### What to produce
From the first line to the last, transcribe the data exactly and skip the pictures.

### Recorded data
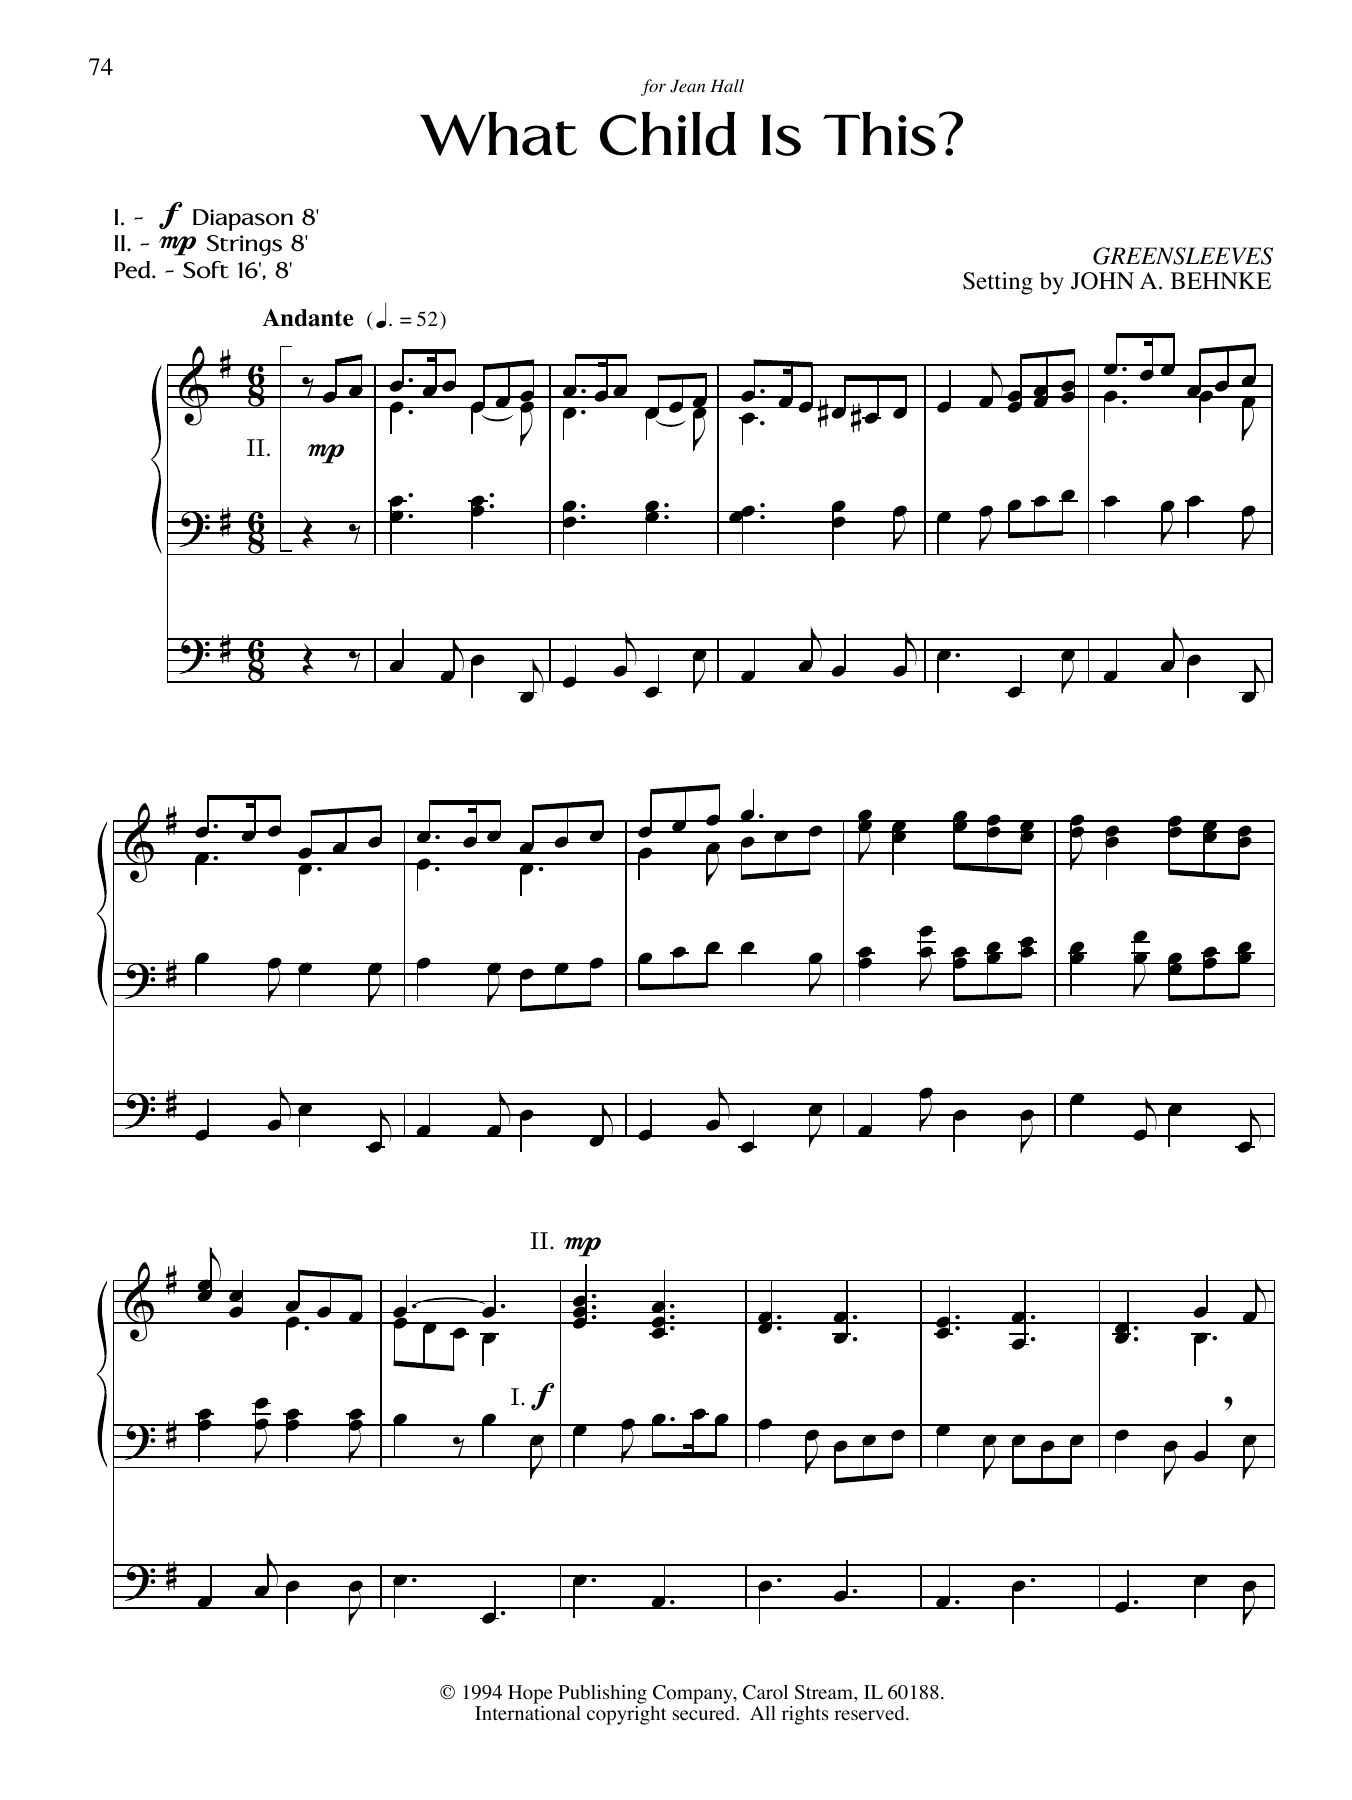 Download John A. Behnke What Child Is This? Sheet Music
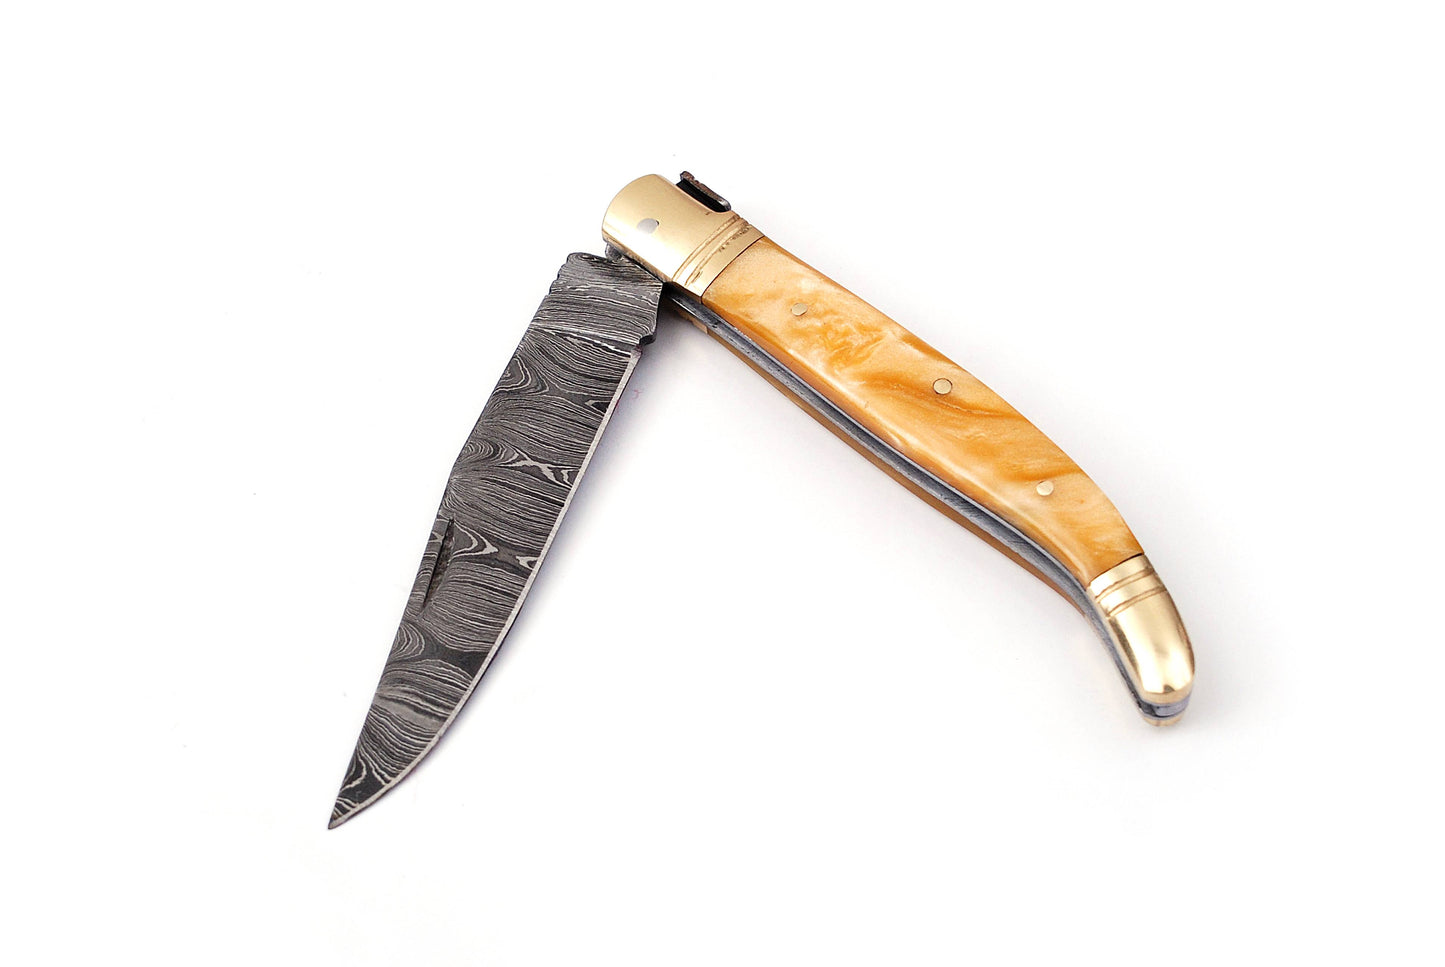 Copy of Laguiole Folding Damascus steel knife, 8.5" Long with 4" hand forged custom twist pattern Blade. Beige color unshrinkable Raisen scale with brass bolster, Cow hide leather sheath included
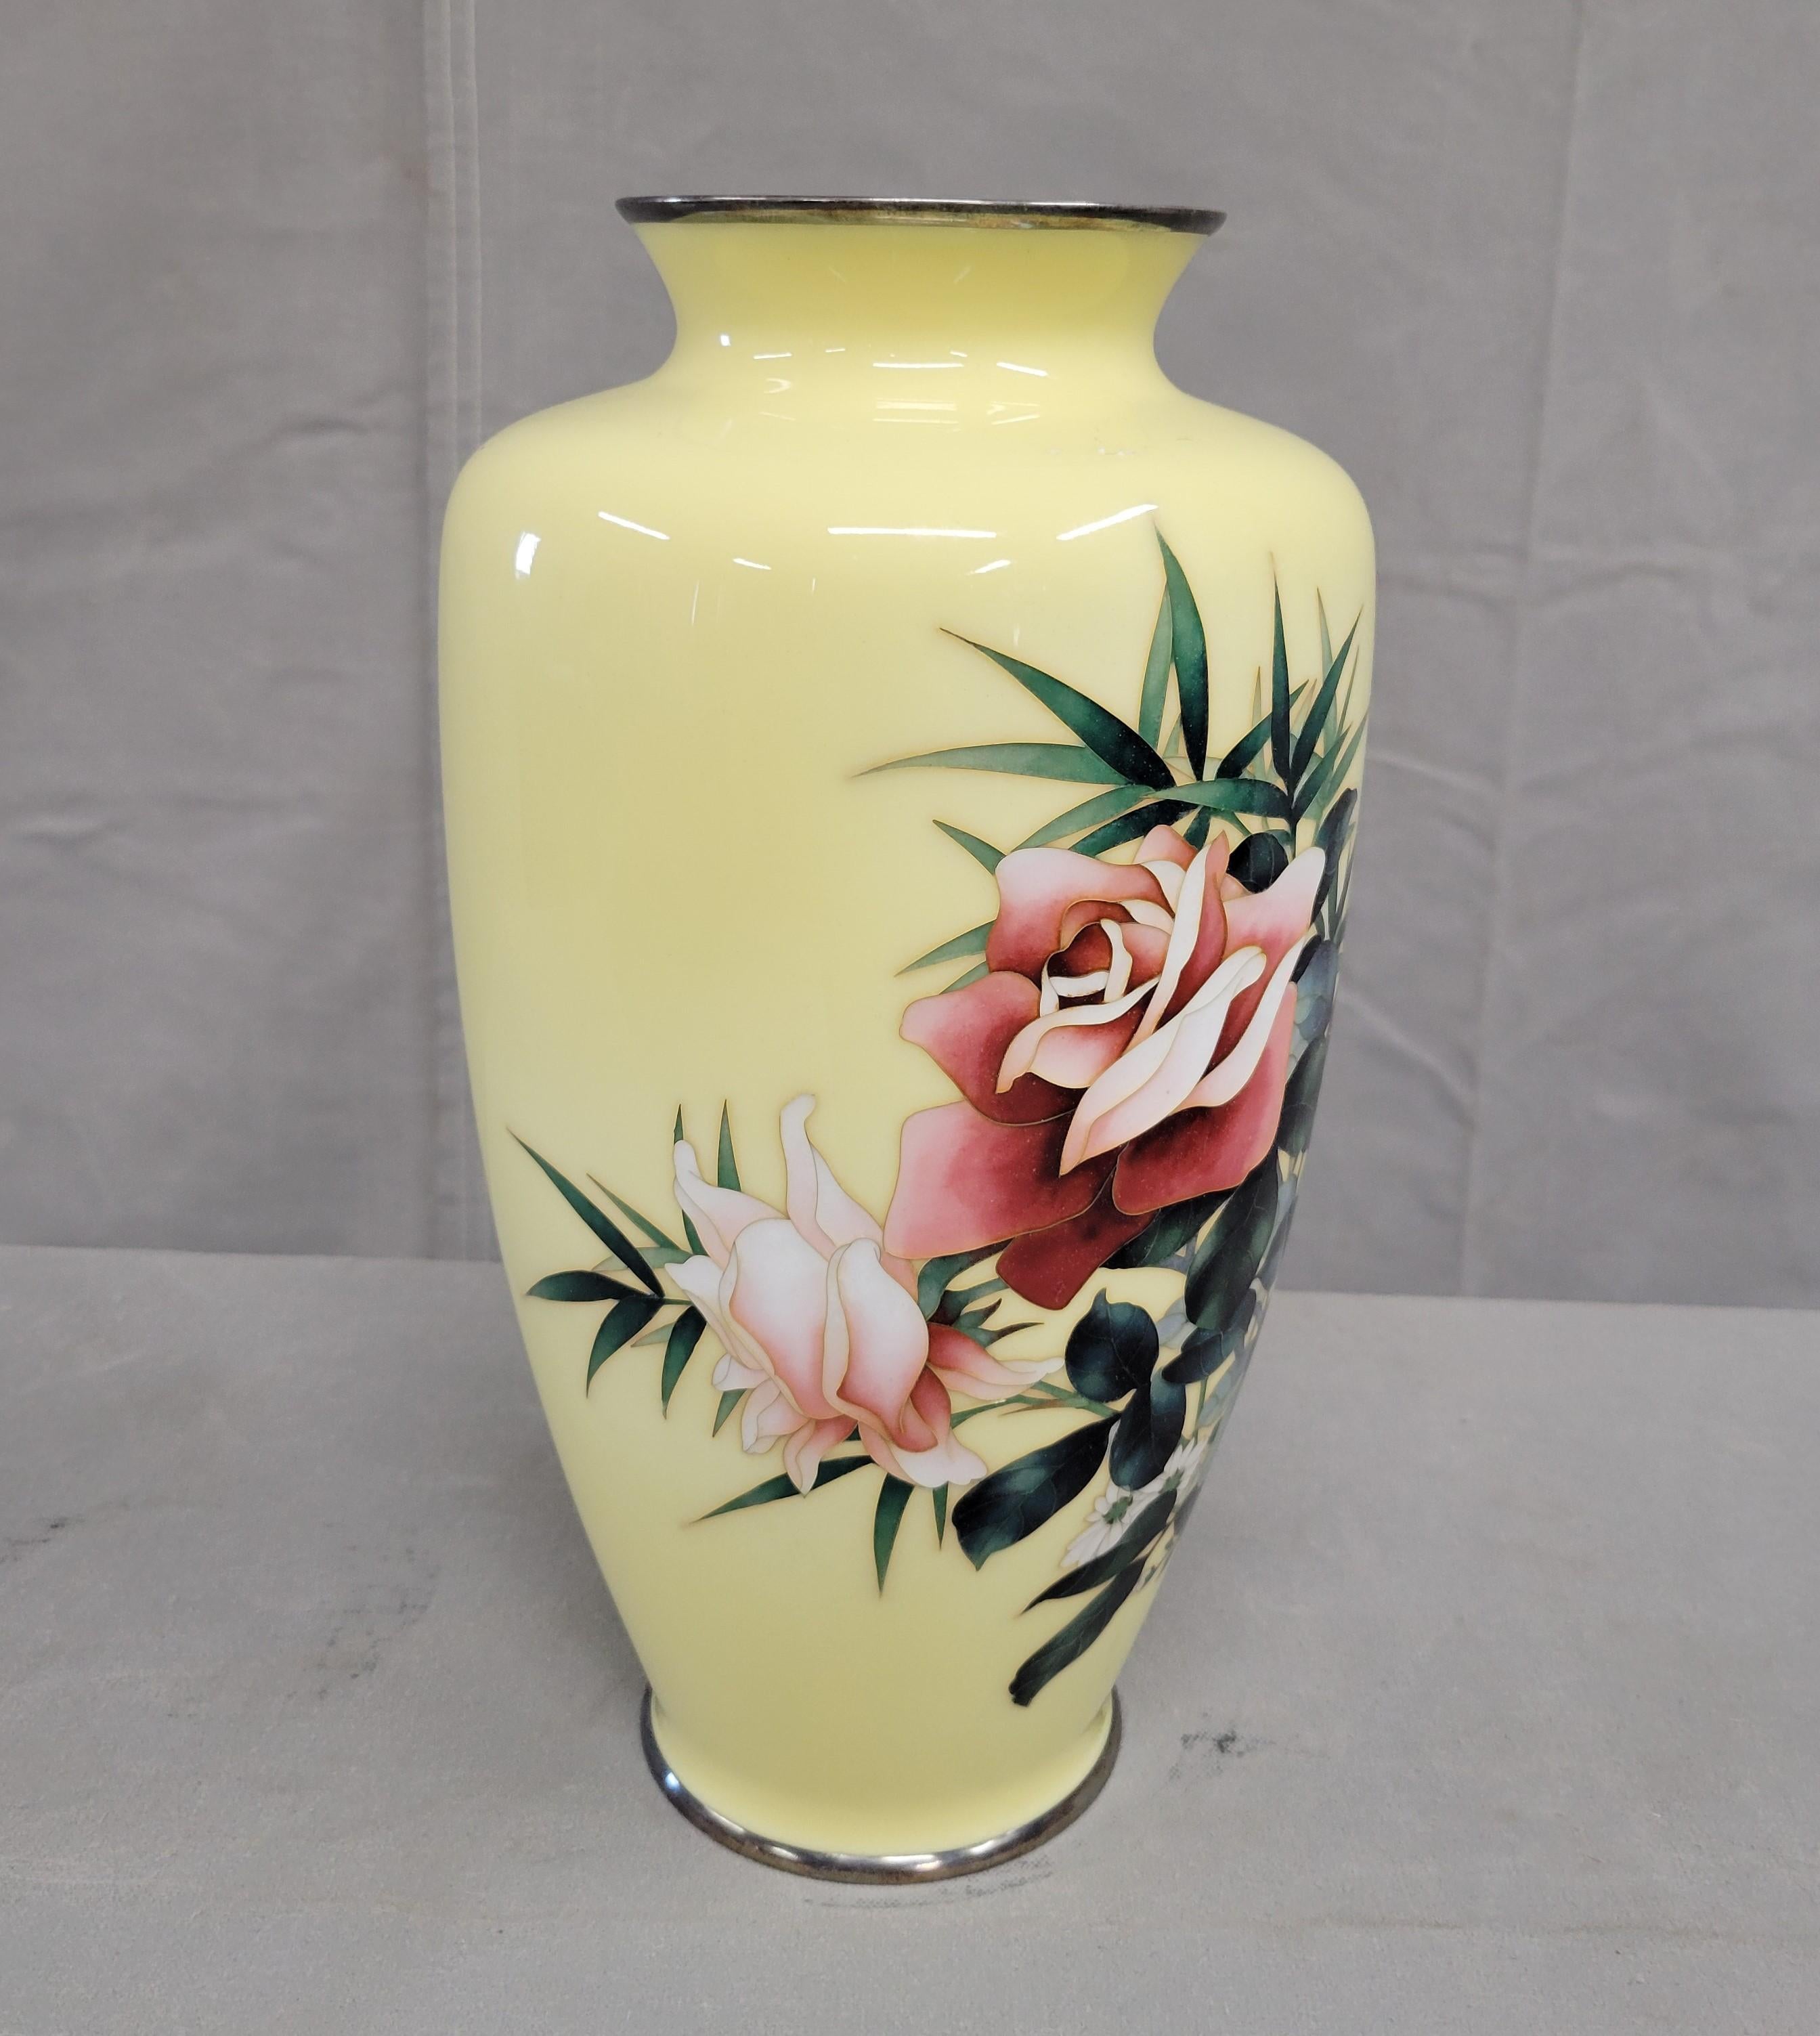 Edo Vintage Japanese Ando Jubei (1876-1956) Signed Cloisonné Vase With Roses For Sale

### Answer to this problem
 Download John A. Behnke What Child Is This? Sheet Music
 Copy of Laguiole Folding Damascus steel knife, 8.5" Long with 4" hand forged custom twist pattern Blade. Beige color unshrinkable Raisen scale with brass bolster, Cow hide leather sheath included
 Edo Vintage Japanese Ando Jubei (1876-1956) Signed Cloisonné Vase With Roses For Sale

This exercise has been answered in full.